After about 15 minutes of intense dialogue, Shapiro abruptly halted the interview claiming, “I am not inclined to continue an interview with a person as badly motivated as you as an interviewer, so I think we’re done here!” He got up and walked away. Later, Shapiro came to recognize and admit the mistakes he made in the interview and made a public apology to Neil claiming he had “mistaken his antagonism for leftism.” Shapiro admitted that he had not done his homework and ended up with egg on his face by finding himself in the position normally reserved for his interlocutors.

Neil was, at the very least, provocative throughout the interview. However, one might suspect intellectual dishonesty if we were not so accustomed to the degraded status quo of the public discourse. Mattha Busby at The Guardian sheds some light on Neil’s intentions in interviewing in such a manner. The BBC interviewer explains, “I tend to take the opposite position from those I interview. It’s a useful way to test their positions. It tells you nothing of my own views. What do American interviewers do?” The American interviewer may do that too, but it is hardly an ethical journalistic standard for authentic news reporters.

Civil discourse is the golden mean between the extreme speech codes of political correctness and the opposite extreme of coarse personal and ideological attacks. Civil debate subordinates the emotions to the right use of reason, and reason is subordinated to ethics guided by the Natural Law. The coarsening of civil debate begins when the Natural Law is denied and subjectivism inverts the order of ethics, reason, and the emotions, making how one feels more important than objective truth and moral rectitude.

This great country was built on a robust but civil public discourse. The majority of the Founding Fathers were educated in the classical method and were able deduce talking points from principles of truth gleaned by the great authors expounding on the Great Western Tradition.

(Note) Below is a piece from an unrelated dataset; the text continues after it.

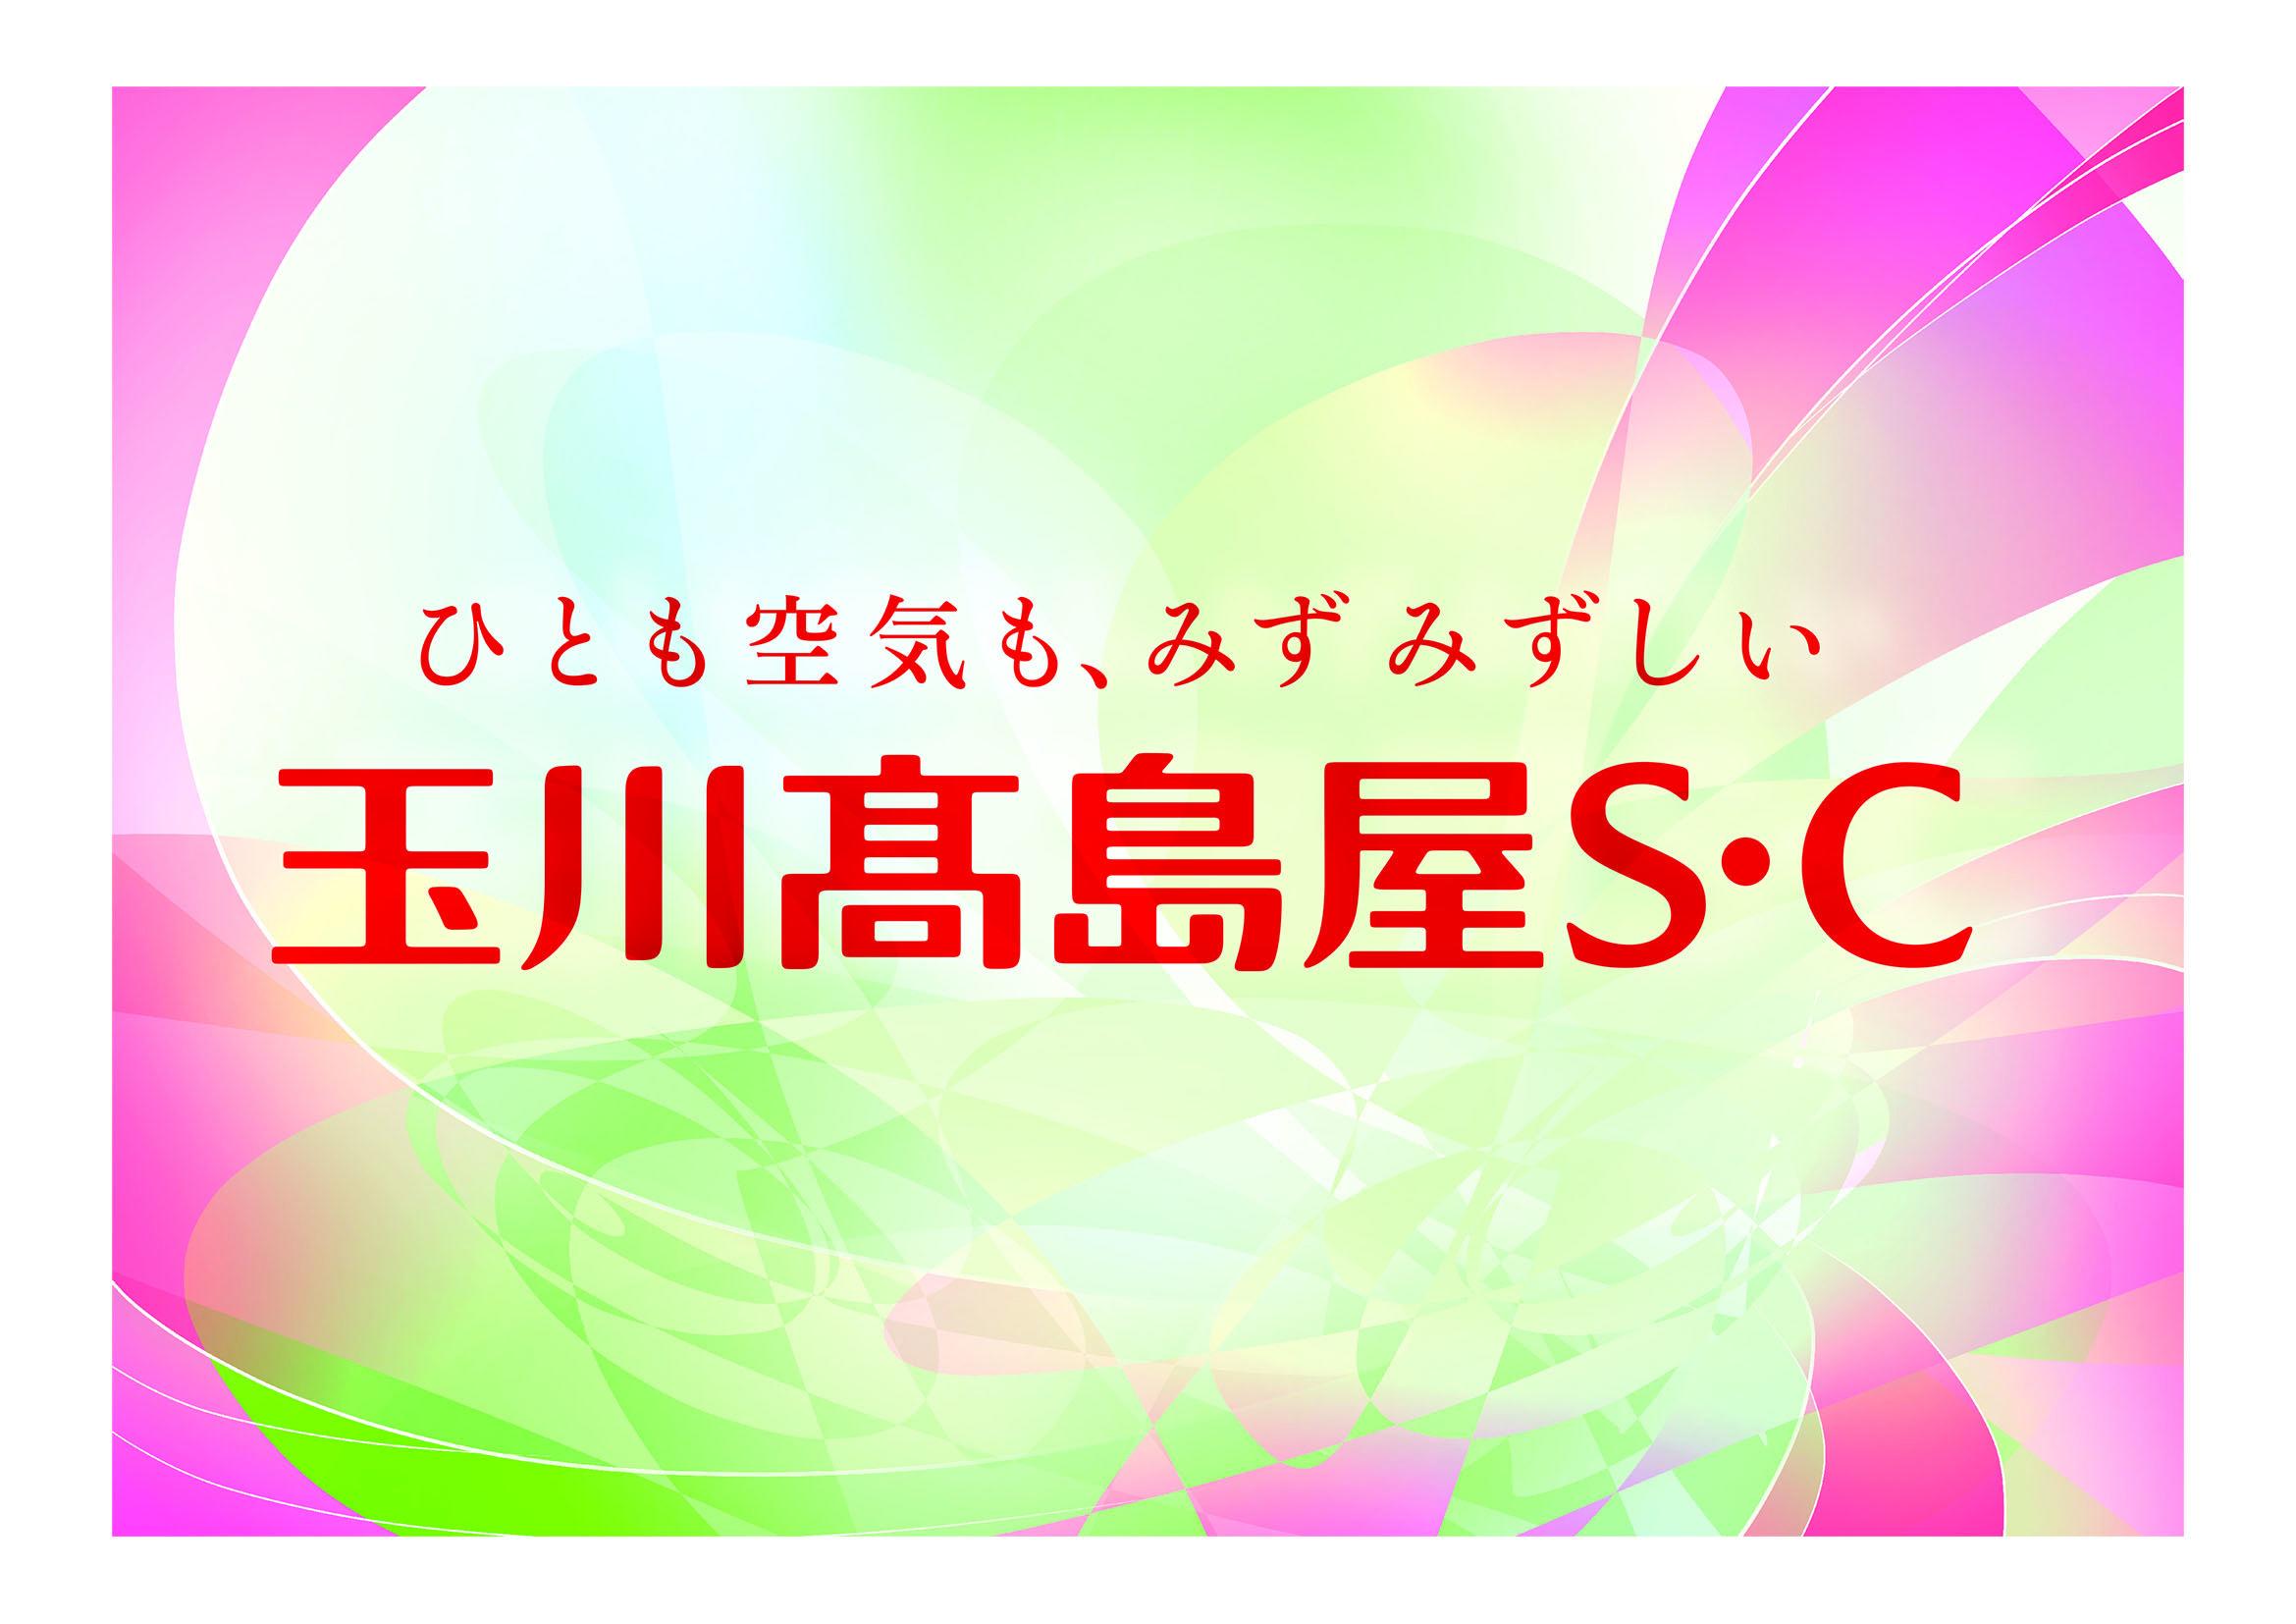 多摩美術大学×玉川高島屋S・C「ART SIGNプロジェクト」第2弾 -- 産学連携で二子玉川の街を盛り上げる

Modern schools are a far cry from what they once were and have now trained our populace in such self-referential ideologies that authentic dialogue is all but impossible.

If speaking truth without charity is coarse, then speaking untruths is worse still because it is intellectually and morally dishonest. If political correctness is considered “charitable” (read: niceness) without truth, it is worthless in public discourse. Shapiro’s method of speaking blunt truths without the requisite charity may indeed coarsen public discourse. However, the blame for the drastic descent of the public discourse to its current depths lies at the feet of our public schools and the media outlets that flow from them.

As a public school teacher, I am keenly aware of how the nationalized educational agenda leads to relativism, subjectivism and ideological indoctrination. Indeed, to disagree with the monolithic ideological stances of the public school is a kind of career suicide. The current state of the mainstream media is merely a rotten fruit of our deformed educational system. As the training in the public schools go, so go the media outlets they have formed.

Shapiro’s thesis that “reason and moral purpose made this country great” is most certainly true. One aspect of reasonable moral purpose is robust civil discourse. Unfortunately, however, the golden mean of civil discourse is no longer within our grasp. It seems that either the truth is spoken without charity, or “charity” is propagated by ideological fiat in the name of class warfare and identity politics. Either way, the Neil-Shapiro interview can help us to see both extremes of the difficulties we face in recovering the golden mean of civil public discourse.